The first reading touches on how people view not only
masculinity in general but masculinity especially as it pertains to blackness. If
a black man is not the hypermasculine aggressive stereotype (or any variant of
that) then he is sexually ambiguous and androgynous. “Jackson’s sexuality and
sexual preferences in particular have been the focus for such public
fascination” as the sexuality of black men often is. People are literally
obsessed with the black body in an aggressively sexual paradigm. In the reading
about Paul Robeson “by the end of the play “Othello ceased to be a human and
became a gibbering primeval man’” in the 1930 performance, but in the later
performances Robeson’s emphasis on Othello’s humanity and dignity weren’t well received
by white critics.
Robeson as Othello
One such critic lamented the absence of the “vision of Chaos
come again” in Paul Robeson’s Othello performance which is exemplary of how people
view black men.
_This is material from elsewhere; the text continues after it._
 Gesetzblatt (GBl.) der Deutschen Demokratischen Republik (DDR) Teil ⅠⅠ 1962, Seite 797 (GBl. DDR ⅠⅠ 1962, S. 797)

During the course of the play Othello is never “chaos” but we
expect him to “revert” to an innate brutality present in all black men (and
black people in general) or else the “savagery is not believable”, as stated by
another Robeson critic.
Dyer was discussing Paul Robeson as Yank in The Hairy Ape in when he stated “black
stands for animal vitality and white stands for frayed nerves”, this statement
can also explain Michael Jackson’s perception as Peter Pan or “the lost boy”.
When the Thriller album was released,
Jackson’s complexion had lightened and his hair texture was considerably
altered. While in hindsight this seems like a minor difference, audiences then
were used to Jackson with deep brown skin and a large afro—he looked like all
the other Jacksons. Seeing whiteness on a black man could only serve to heighten
people’s anxieties about his emotional stability as a black man. If whiteness
means “frayed nerves” on white people than what does it mean for black people?